Egypt: Has India provided a credit line to Egypt?

According to Bloomberg, Egypt said that “India is providing credit line to boost its economy”. However, soon after, Reuters reported that the Egyptian Supply Minister denied that a credit line had been opened with India.

India is providing Egypt with a credit line of unspecified value, Egyptian Supply Minister Ali El-Mosilhy said, in the latest support from an ally for the North African nation’s troubled economy. The minister, speaking to Bloomberg News, didn’t give further details on the facility.

The Middle East’s most populous nation is racing to turn around an economy that was heavily exposed to the shock waves of Russia’s invasion of Ukraine and is a major importer of wheat and other commodities.

Egypt has agreed on a $3 billion deal with the International Monetary Fund, while its Gulf Arab allies have pledged billions of dollars in investment.

Such credit lines are typically used to import key commodities, including food. The facility could ease pressures on the economy, just as signs of progress in Egypt’s plan to sell state assets and a tourism rebound lead Citigroup Inc. to predict authorities will hold off a devaluation of the currency until at least September.

India and Egypt have built ever-closer ties in recent years, with Egyptian President Abdel-Fattah El-Sisi a special guest at India’s Republic Day parade in January. Prime Minister Narendra Modi will likely visit Egypt later in June, the Press Trust of India reported this week.

Minister denies

According to Reuters, Egyptian Supply Minister Ali Moselhy said lster on Monday that no credit line had been opened with India, but discussions were ongoing regarding payments for imports using currencies other than the dollar.

Bloomberg News, citing Moselhy, had earlier reported that India was providing Egypt with a credit line worth an unspecified value. The news agency said that the minister did not give further details on the facility.

“Nothing of the sort has been implemented, but there are discussions so that we can trade in local currencies of countries like India, Russia, or China,” the minister told Reuters.

Moselhy said that similar discussions were also being held with Russia and China.

The Indian finance ministry did not immediately respond to a Reuters request for comment.

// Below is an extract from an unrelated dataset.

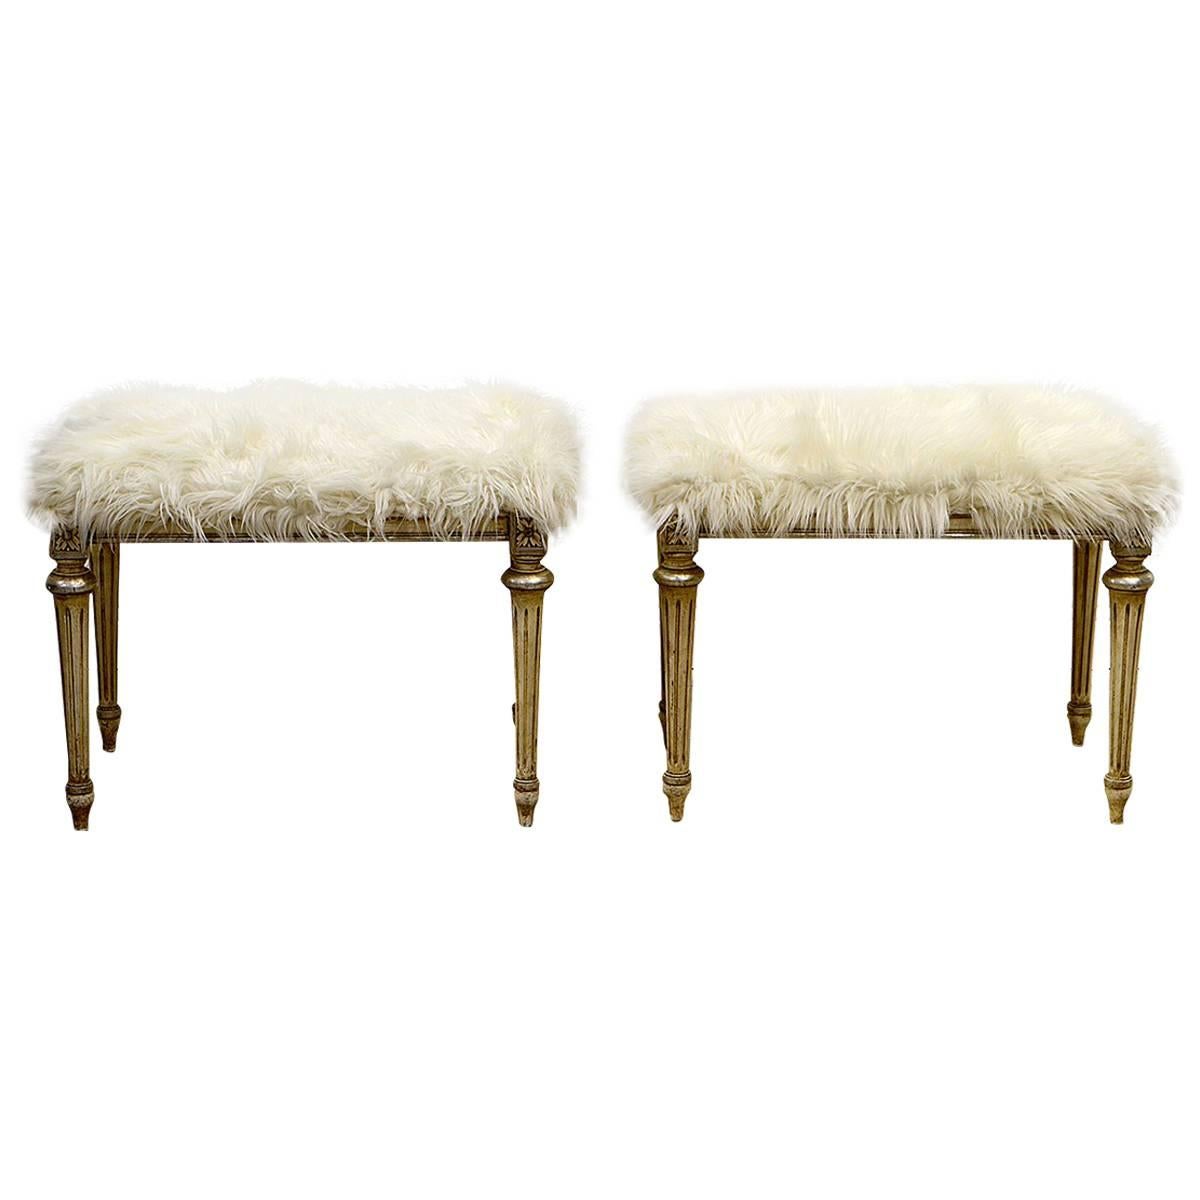 Pair of Chic Hollywood Regency Louis XVI Style Faux Fur Covered Benches

Indian Prime Minister Narendra Modi is set to visit Egypt later this month, as the two countries seek to become strategic partners, according to media reports.

Egypt is trying to stabilize its economy after the Russian invasion of Ukraine last year rocked its tourism industry, raised commodity prices,and prompted foreign investors to pull about $20 billion out of its financial markets.

Inflation has risen sharply over the last year in Egypt after a series of currency devaluations, a prolonged shortage of foreign currency, and continuing delays in getting imports into the country.

The supply minister told Reuters in May the country’s state grains buyer had deferred opening letters of credit to pay for wheat imports to alleviate financial pressures caused by a foreign currency shortage.

The country has plans of selling state assets to meet its debt repayment commitments.